[Recorded information]

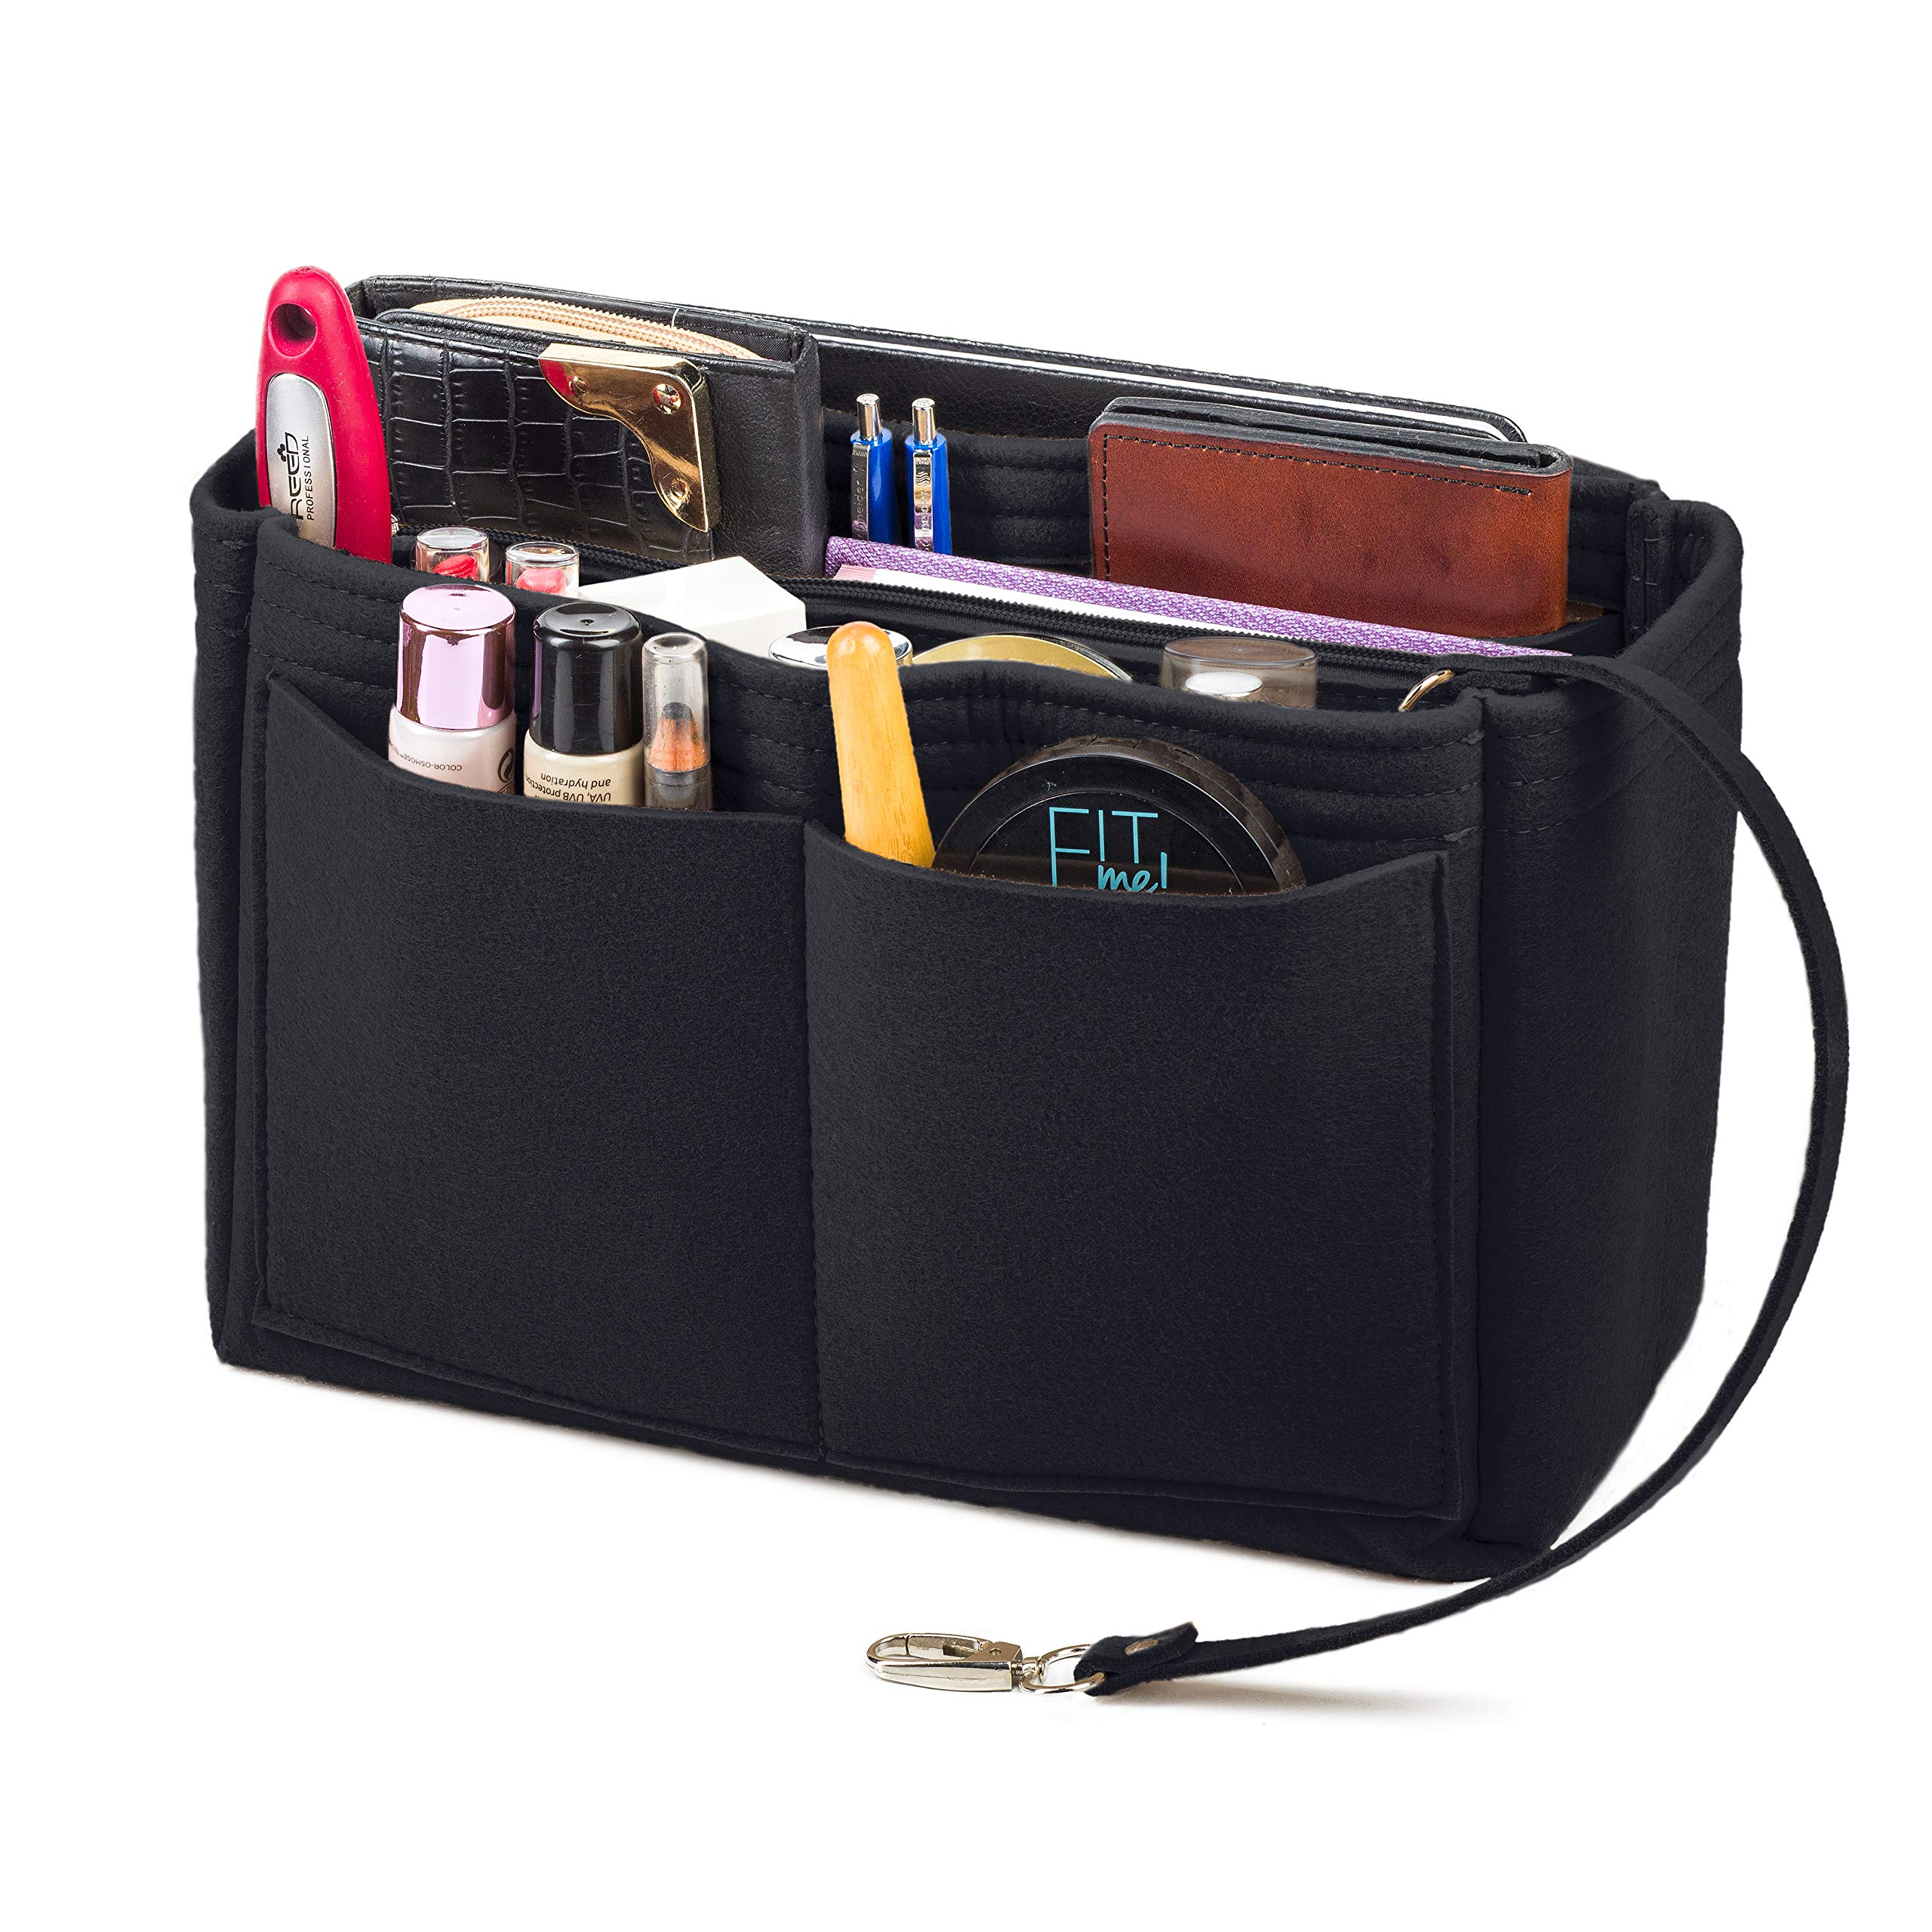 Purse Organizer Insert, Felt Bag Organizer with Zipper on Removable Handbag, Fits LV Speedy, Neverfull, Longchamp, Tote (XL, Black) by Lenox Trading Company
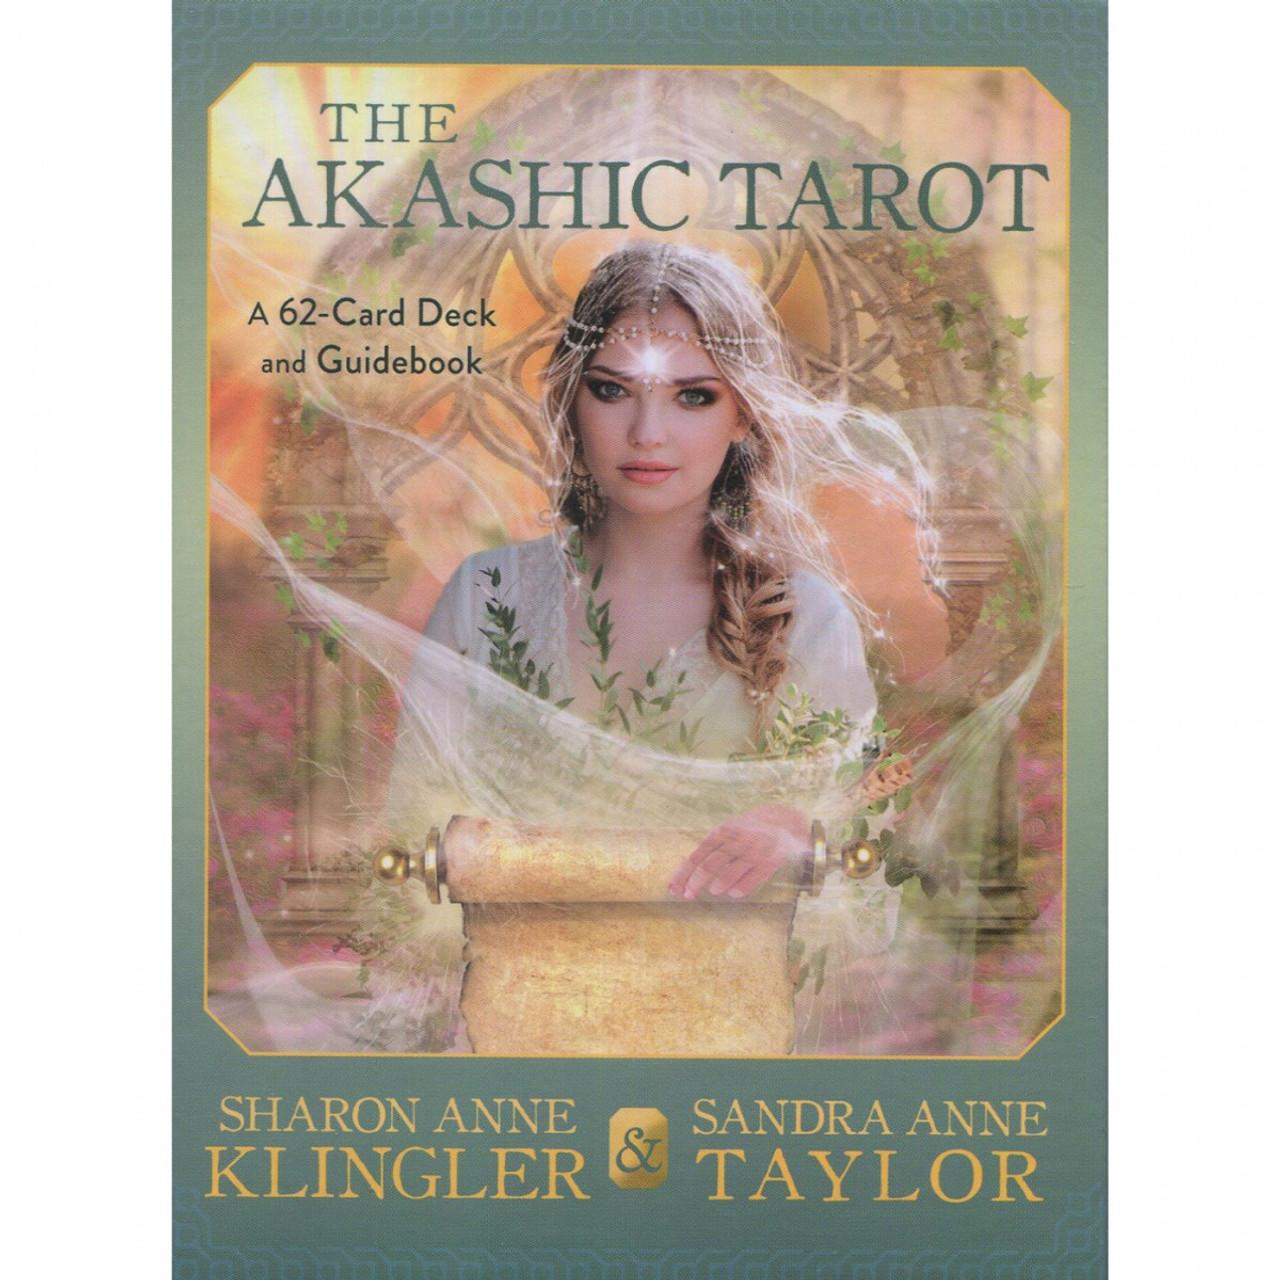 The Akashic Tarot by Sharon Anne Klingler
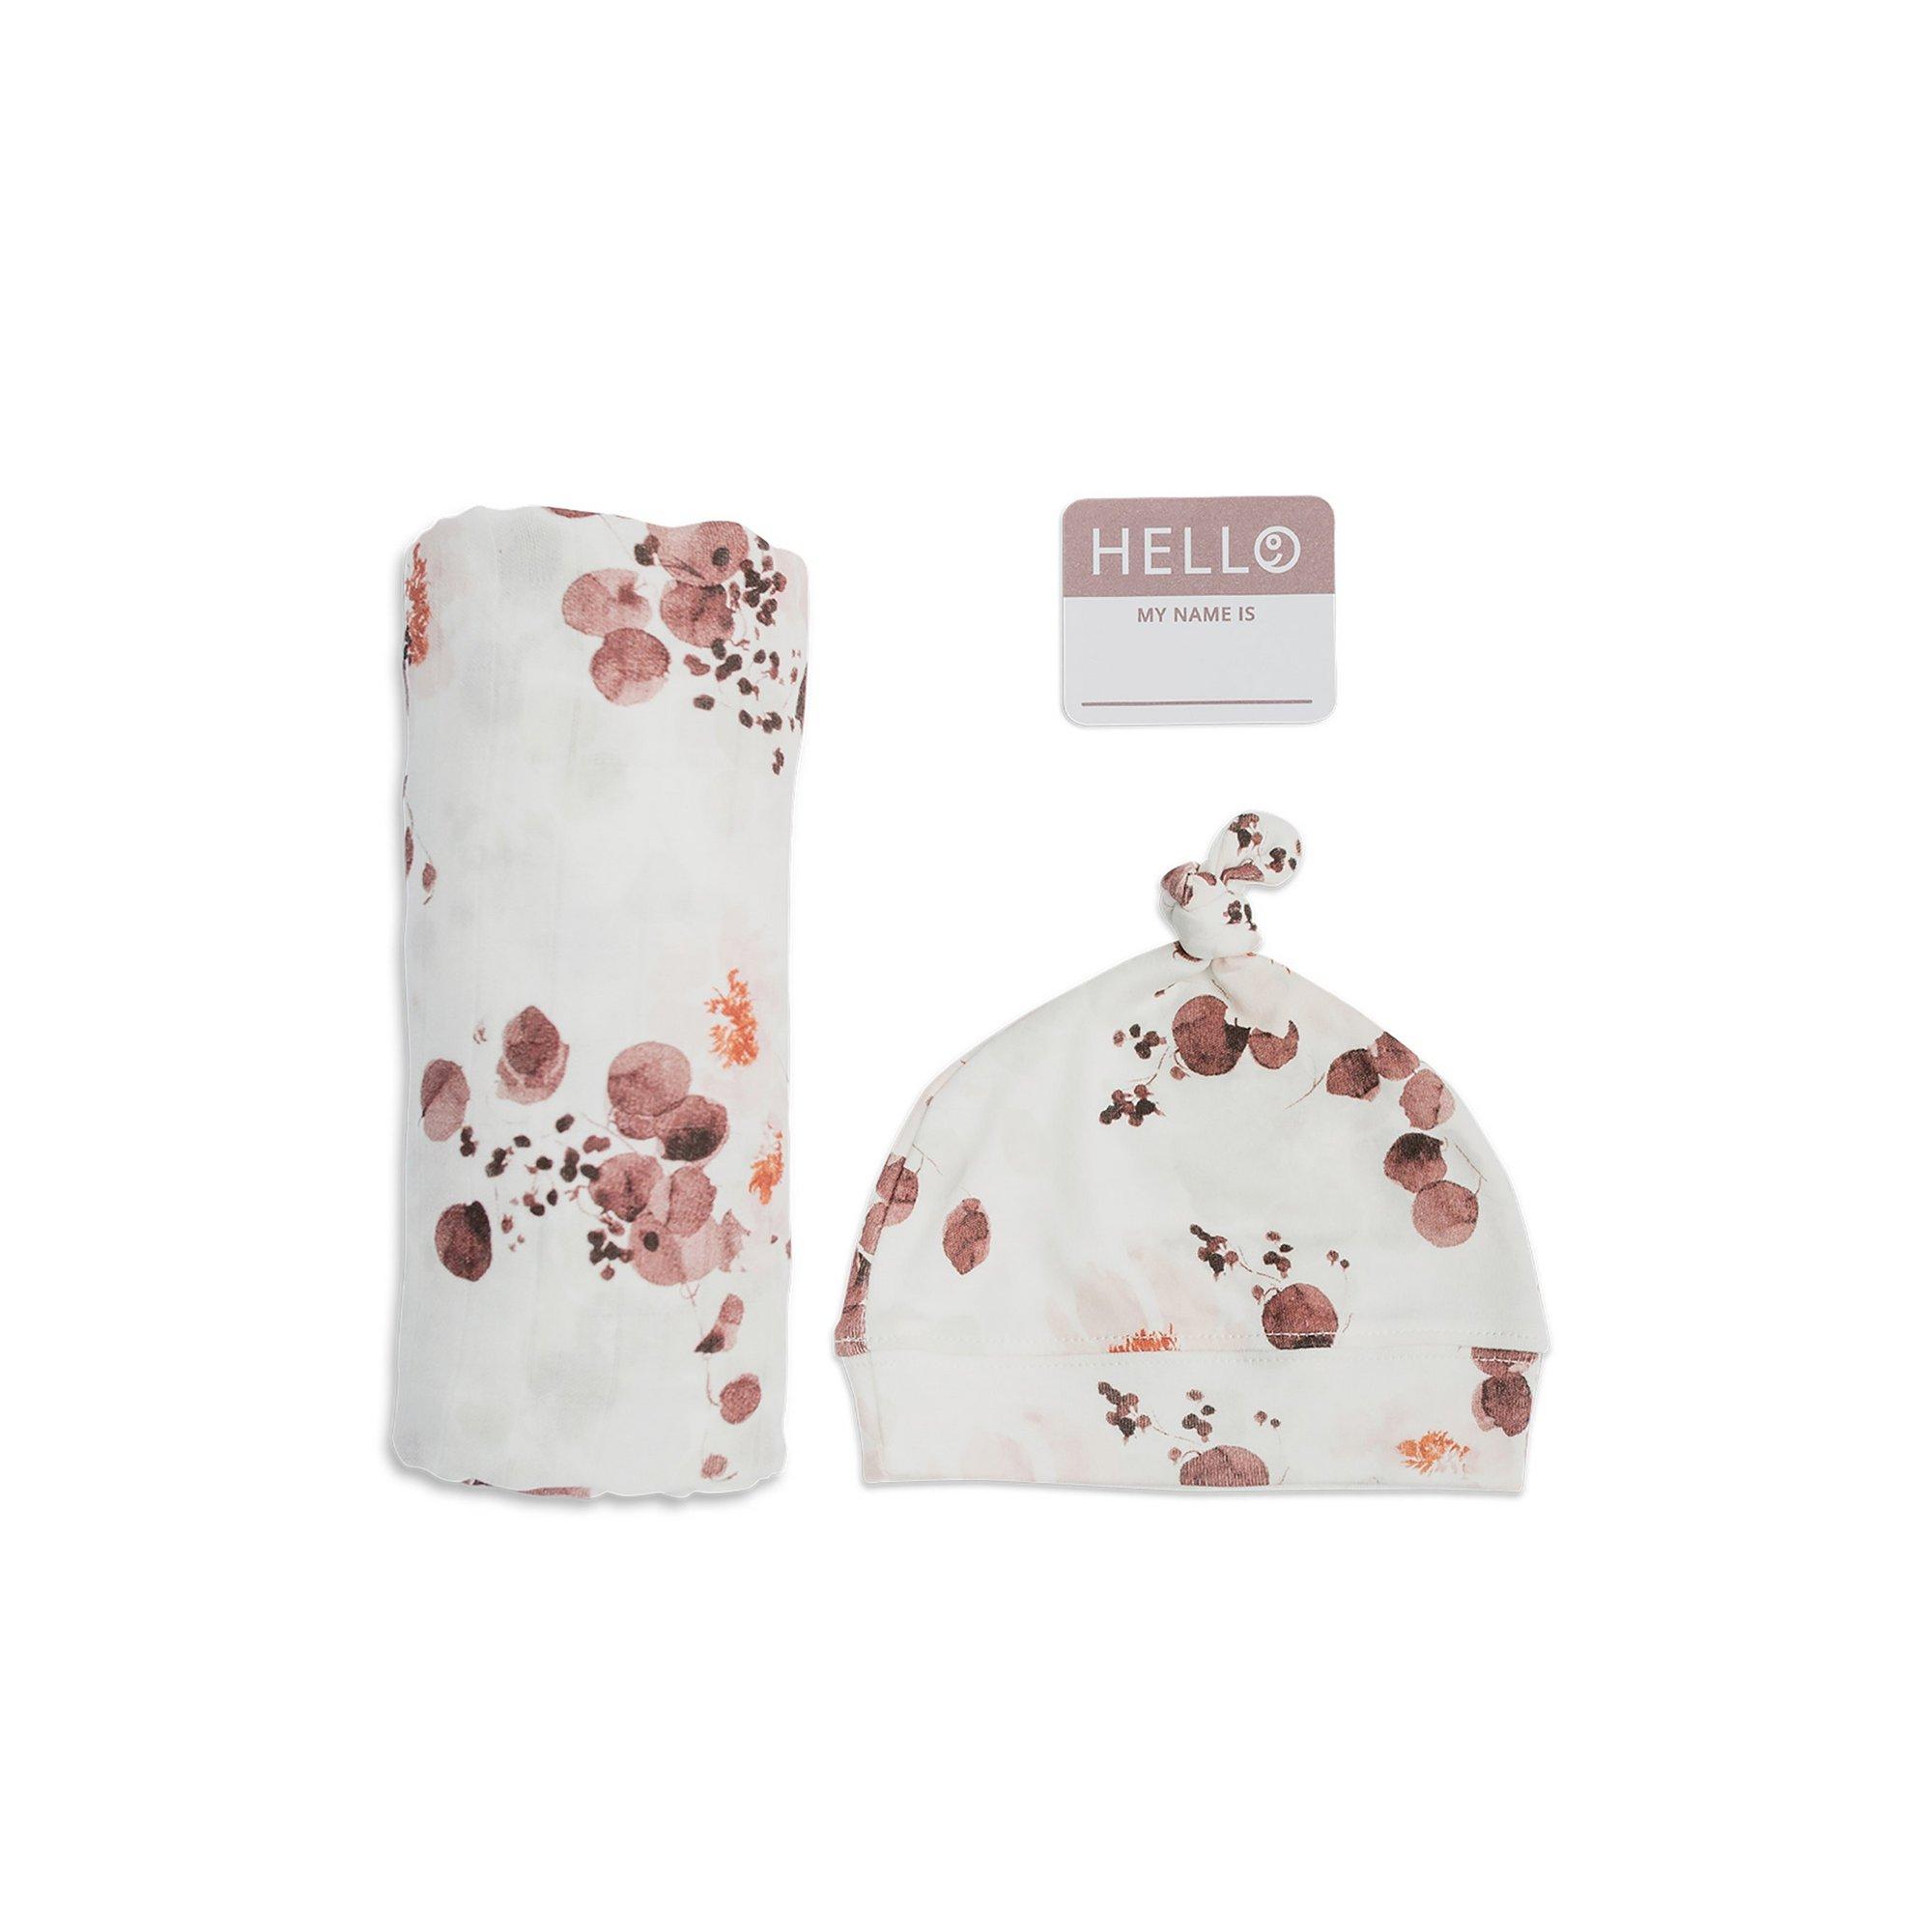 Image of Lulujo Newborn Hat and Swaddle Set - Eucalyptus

[/Recorded information]

## Task brief
Keeping every word as it is, write out all the data and omit the pictures.

## Reply
 Purse Organizer Insert, Felt Bag Organizer with Zipper on Removable Handbag, Fits LV Speedy, Neverfull, Longchamp, Tote (XL, Black) by Lenox Trading Company
 The Akashic Tarot by Sharon Anne Klingler
 Image of Lulujo Newborn Hat and Swaddle Set - Eucalyptus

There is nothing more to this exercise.